Convert POP3 to IMAP - instruction page fails
NO SUCH DIRECTORY PATH: Create the IMAP account
Open the File > New > Existing account menu
in page: https://support.mozilla.org/en-US/kb/switch-pop-imap-account#thunderbird:mac:tb52
When I try to simply create a new account (which of course must be identical to the existing account), Tbird says to change it to make it different. That is contrary to This web page from 2015, which says I should be able to create a second Tb account as long as one is POP3 and the other IMAP. But AFAIK there is no explicit "make this POP3 or IMAP" entry in the account creation process. The only difference are the correct Port numbers. So there IS a difference in the account setup:
https://www.liquidweb.com/kb/how-to-modify-an-existing-email-account-in-thunderbird/
The aol help page says that outgoing SMTP address is the same for both POP3 & IMAP:
https://help.aol.com/articles/cant-send-or-receive-email-third-party-application
>Set your outgoing mail server as smtp.verizon.net, port 465
Modified
All Replies (13)
Most instructions are written using the Menu Bar that is hidden in Thunderbird. Press the alt key to make it appear. For some reason whoever designed the new menu system decided it would be fun to move everything. Try Fi!e-New Message-Existing Mail Account if using the AppMenu button.
Airmail said
Most instructions are written using the Menu Bar that is hidden in Thunderbird. Press the alt key to make it appear. For some reason whoever designed the new menu system decided it would be fun to move everything. Try Fi!e-New Message-Existing Mail Account if using the AppMenu button.
Using a Macintosh. No ALT key. What's an AppMenu button?
Hmmm... main menu FILE...New... Existing mail account... seems to open the same popup that just creates a brand new user, as from View Settings / Account Actions /New email account.
I'm quite paranoid about losing my existing stored emails.
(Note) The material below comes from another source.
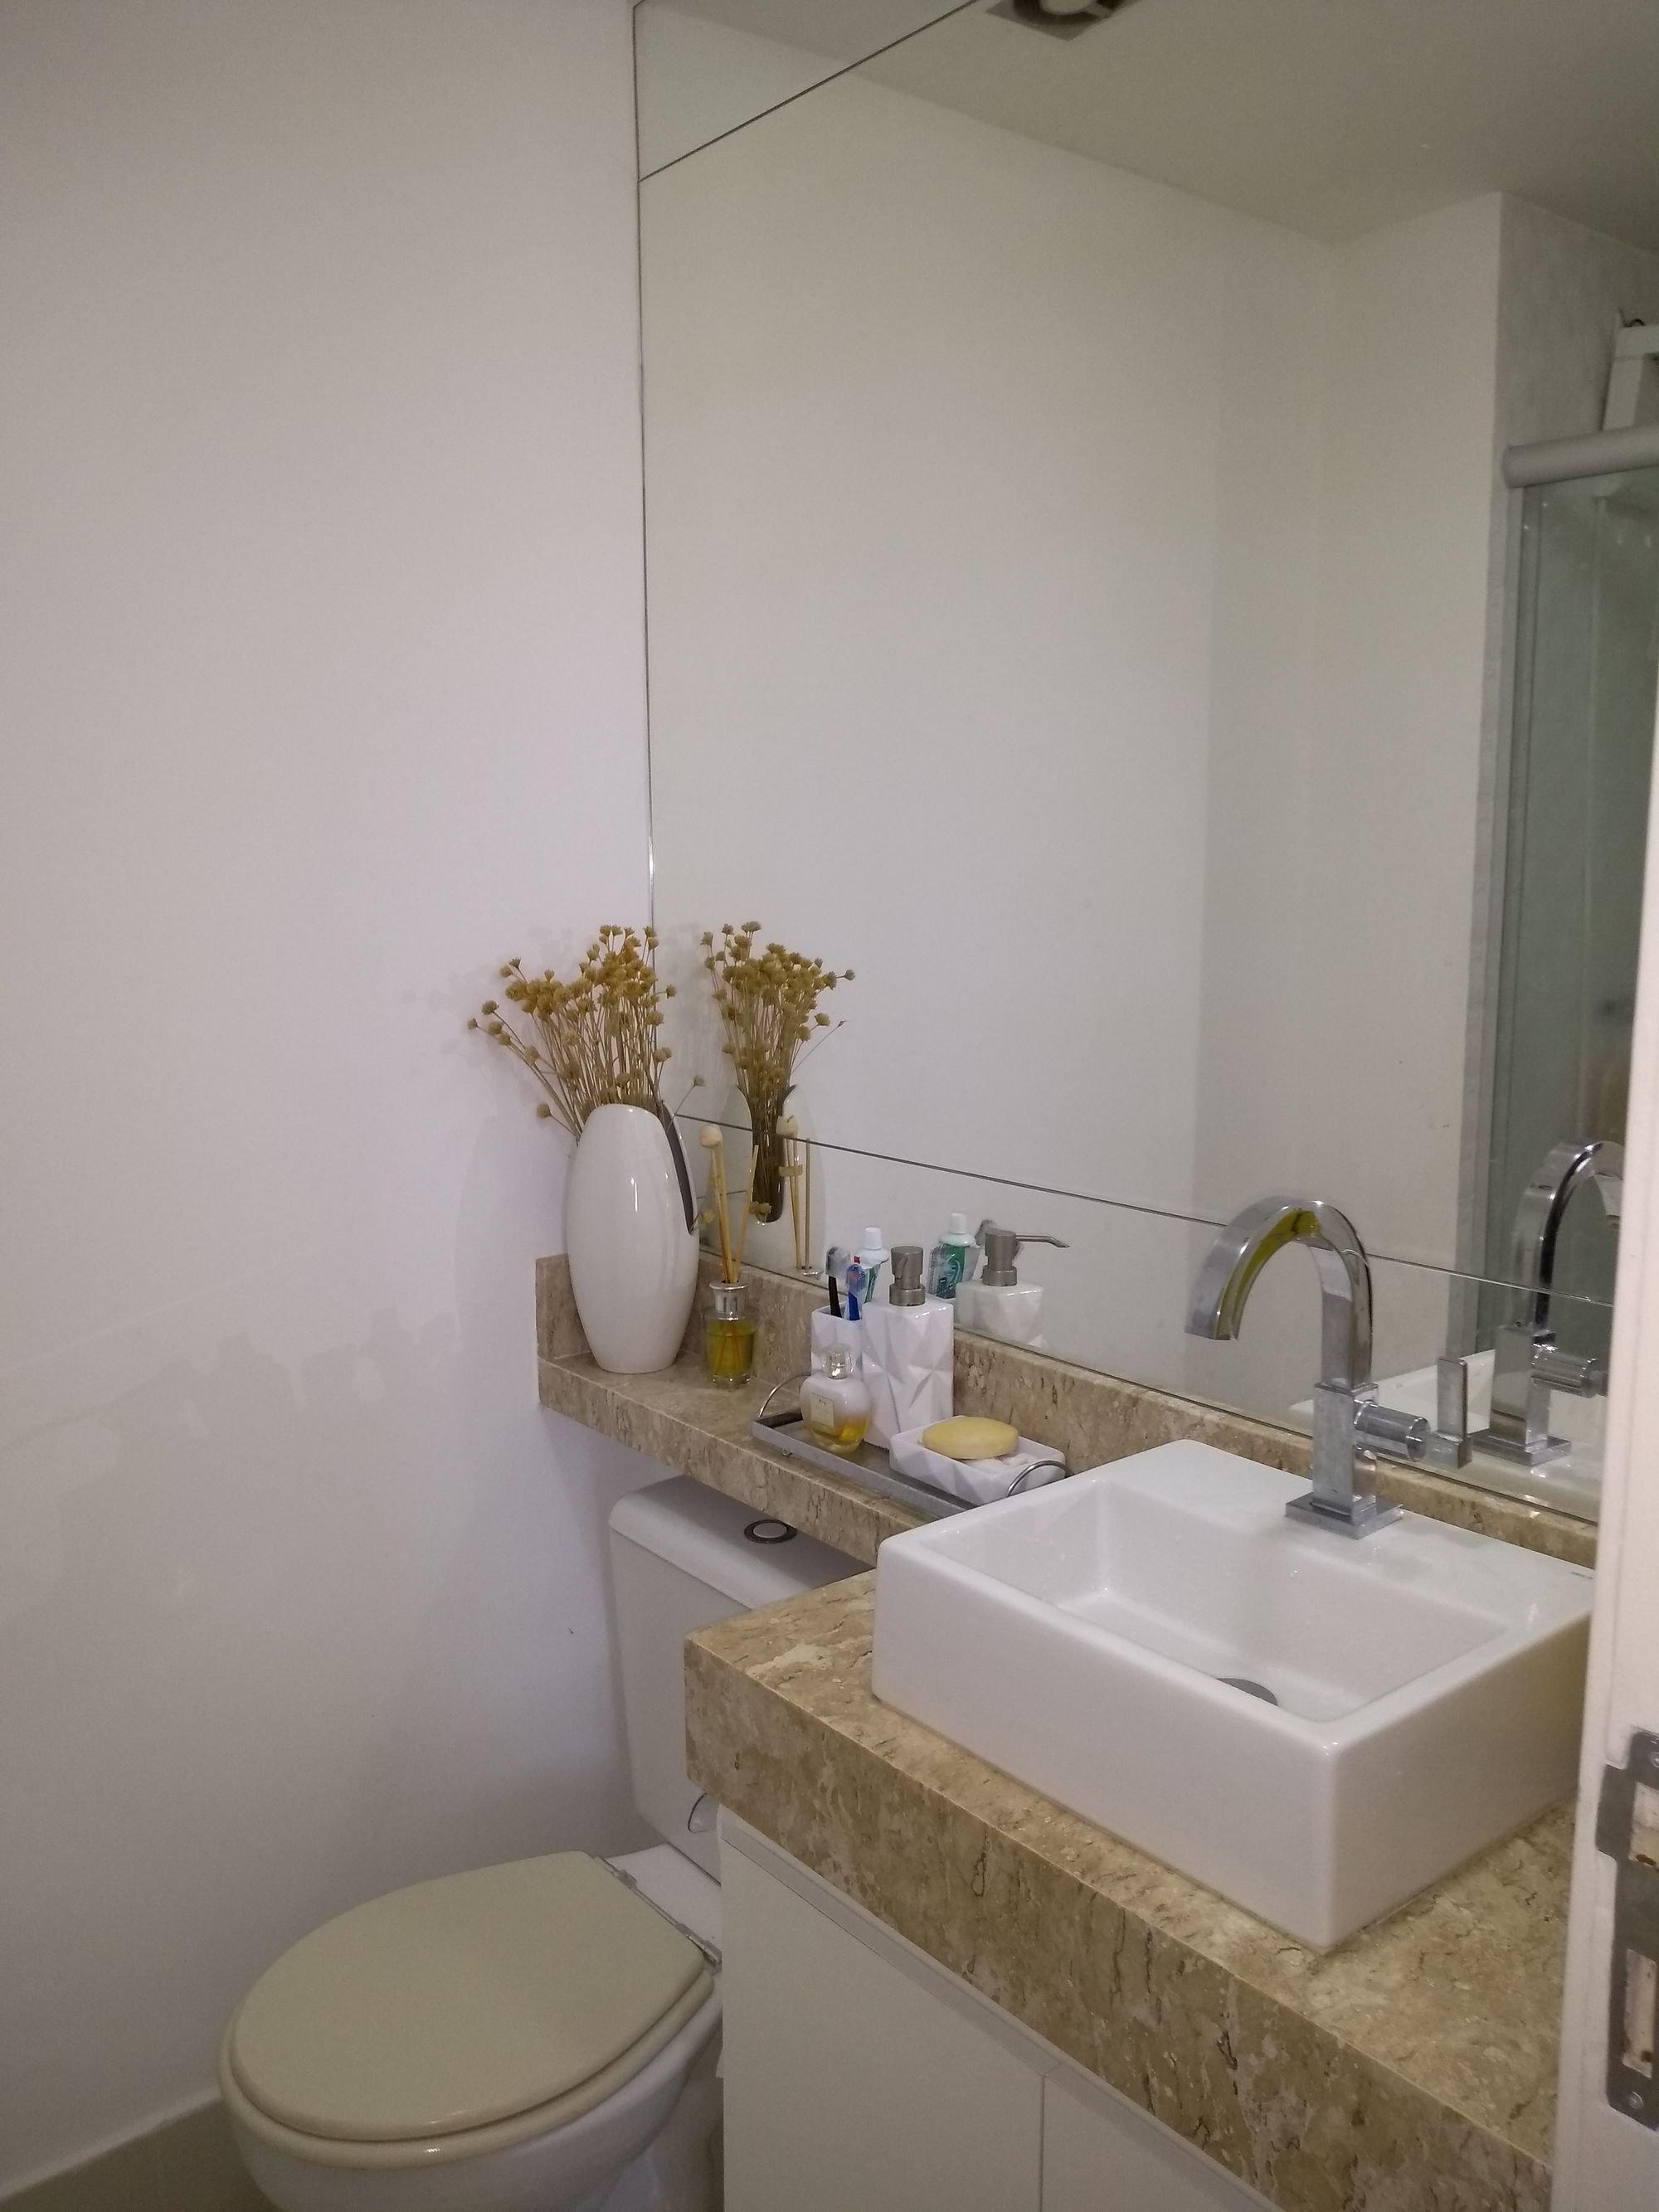 Foto de Banheiro com vaso sanitário, vaso, pia

I've backed up my PROFILE folder though.
If they alter the look & feel they need to update ALL of the help pages...
And the phrase "create a new existing account" is nonsense.
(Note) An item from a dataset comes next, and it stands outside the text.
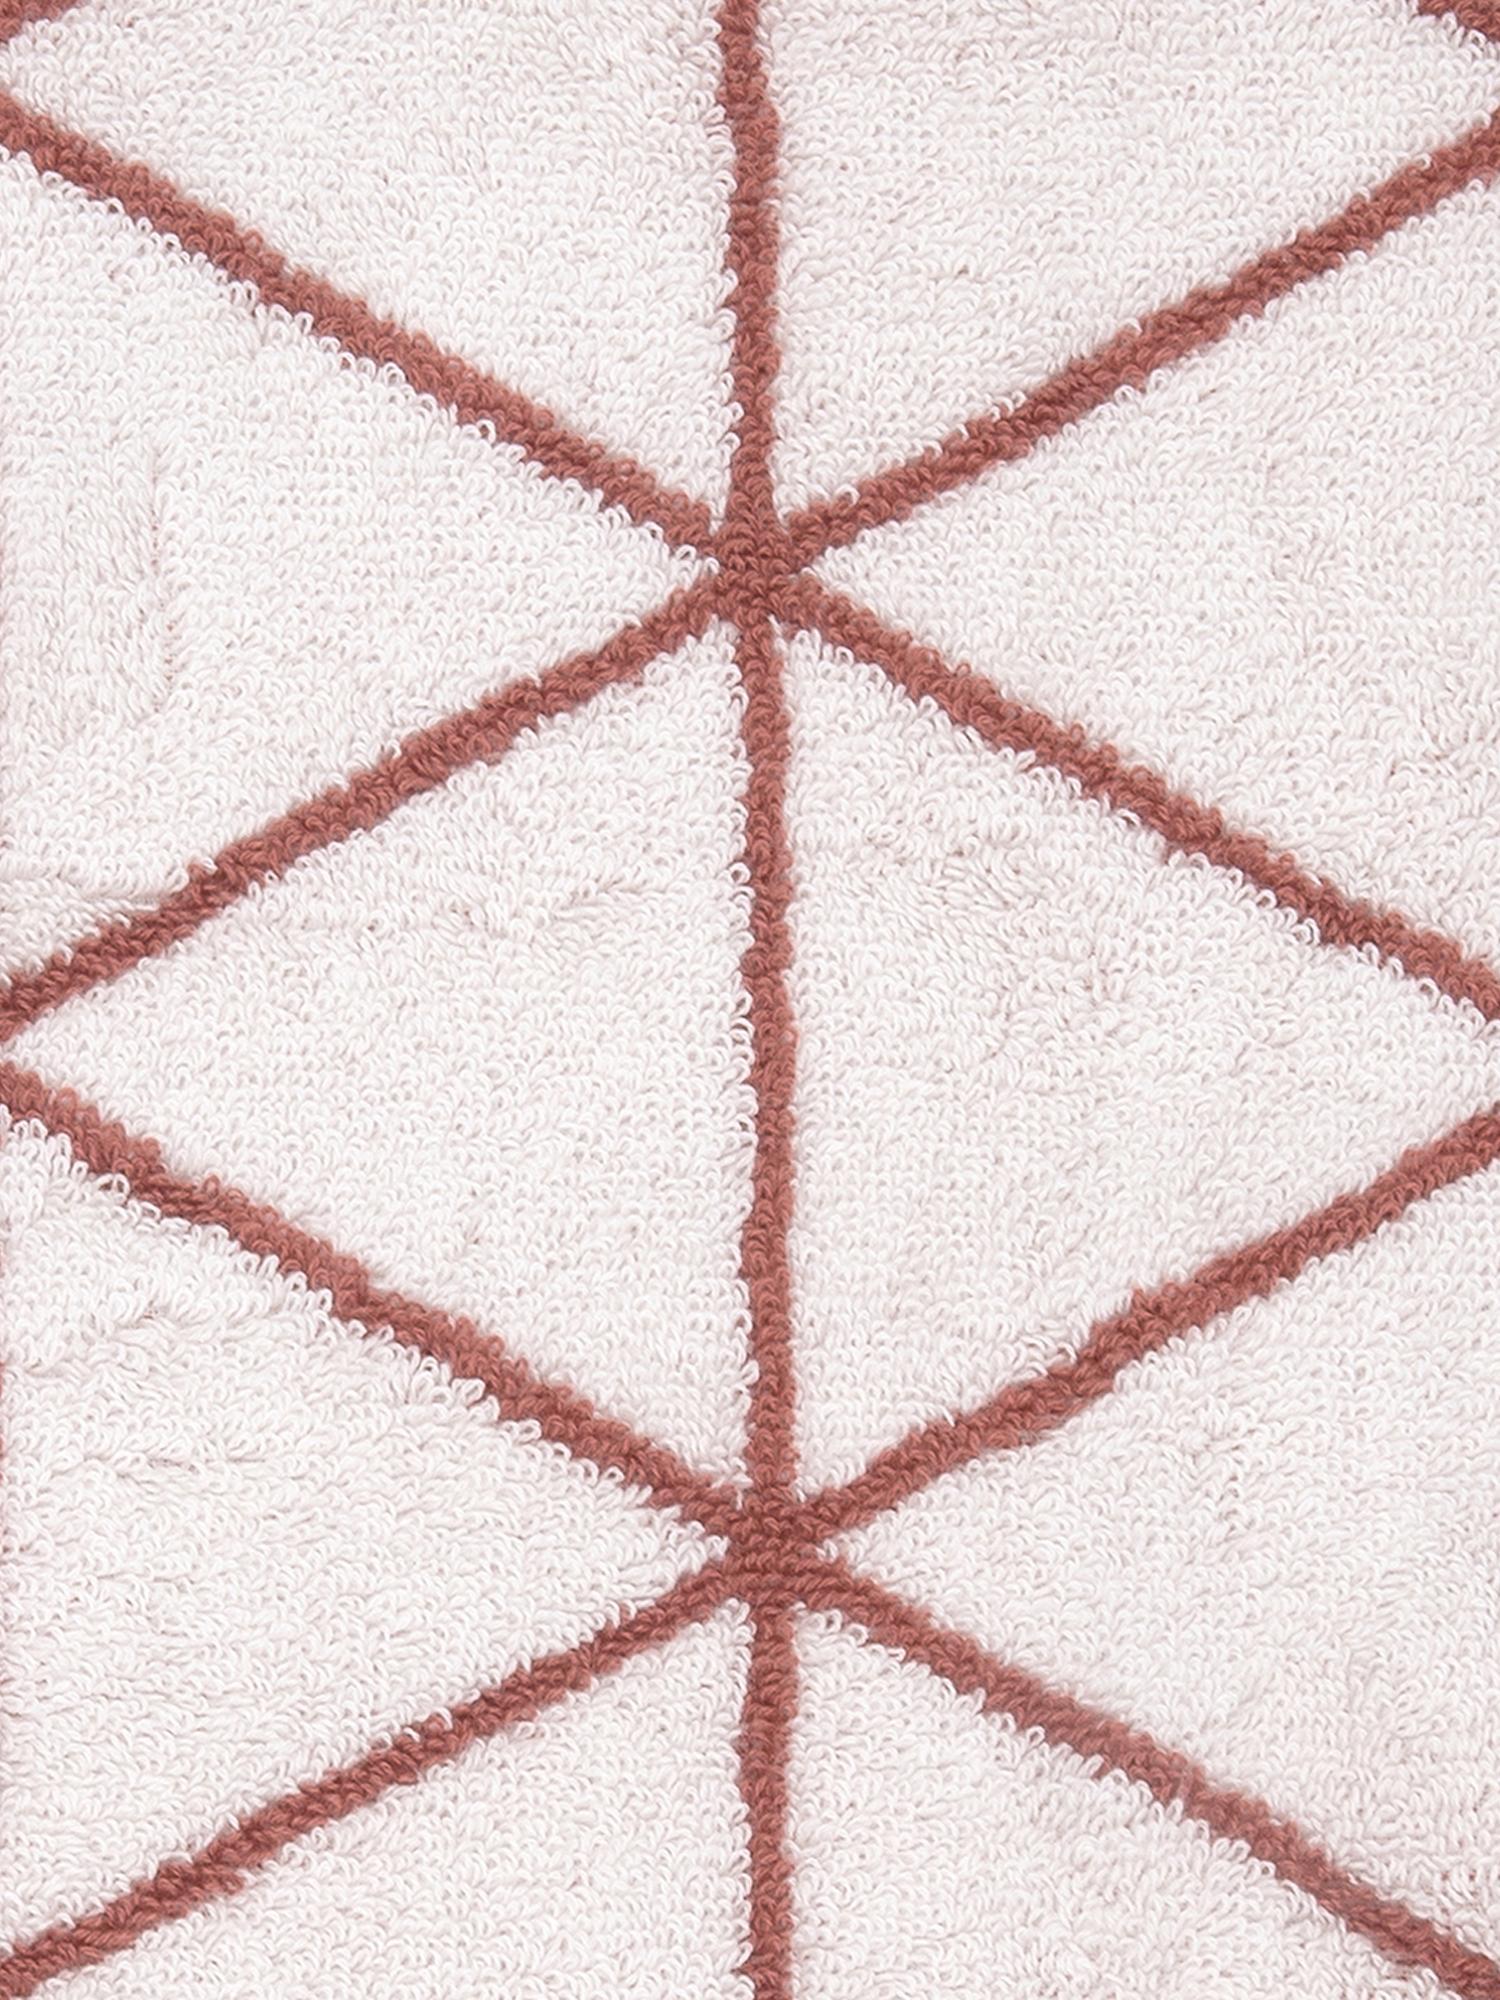 Wende-Handtuch-Set Elina mit grafischem Muster, 3-tlg., Terrakotta, Cremeweiß, Sondergrößen

now I can send from my PRIMARY email again, but the SECONDARY (ie one of the multiple accounts "under" my primary) is still failing, for a different reason:
An error occurred while sending mail. The mail server responded: 5.7.1 : Sender address rejected: not owned by user PRIMARY@verizon.net. Please check the message recipient "SECONDARY@VERIZON.NET" and try again.
Is it possible that while I was messing around with creating a new account with the same username as the existing primary account, Tb lost the linkage? AFAIK it could not be Tb's fault, because Tb has no idea the SECONDARY account is "under" the primary.
Modified
I take it these strange blobs are an attempt to render your
***
line, and we aren't losing any information?
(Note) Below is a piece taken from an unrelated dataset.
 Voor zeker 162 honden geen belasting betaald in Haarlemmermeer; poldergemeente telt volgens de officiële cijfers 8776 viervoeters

You can actually have as many copies of a single account as you want, but you must give each account its own distinct name in Thunderbird. So, using just your service's name, or just your email address isn't going to work. For instance, if I were to set up both POP and IMAP flavours of the same account, I'd add "POP" or "IMAP" as appropriate to the account names.
(Of course, in this somewhat contrived example your email provider may refuse multiple concurrent connections to one account. But that's not a restriction set or mandated by Thunderbird.)
When I try to simply create a new account (which of course must be identical to the existing account)Why must it be identical?
Modified
By and large, you don't create an email account in Thunderbird. You set the account up with an email provider and then "connect" Thunderbird to that account. So pretty much always we connect to an existing account, even if it's "new" in the context of appearing in Thunderbird.
If you follow the "new account" options, you'll be taken to where you can sign up with a third party email provider who will take your money and create an account for you there and then. So even then, by the time we get back into Thunderbird to start using that account, it already exists. So "New Existing Account" does make sense. New to Thunderbird, but created beforehand somewhere else.
File|New|Existing Mail Account appears in my menu. If you are using the three-bars "Application Menu" button, this hides under "New message".
Menus are there for your assistance. Please spend some time exploring and becoming familiarised with them.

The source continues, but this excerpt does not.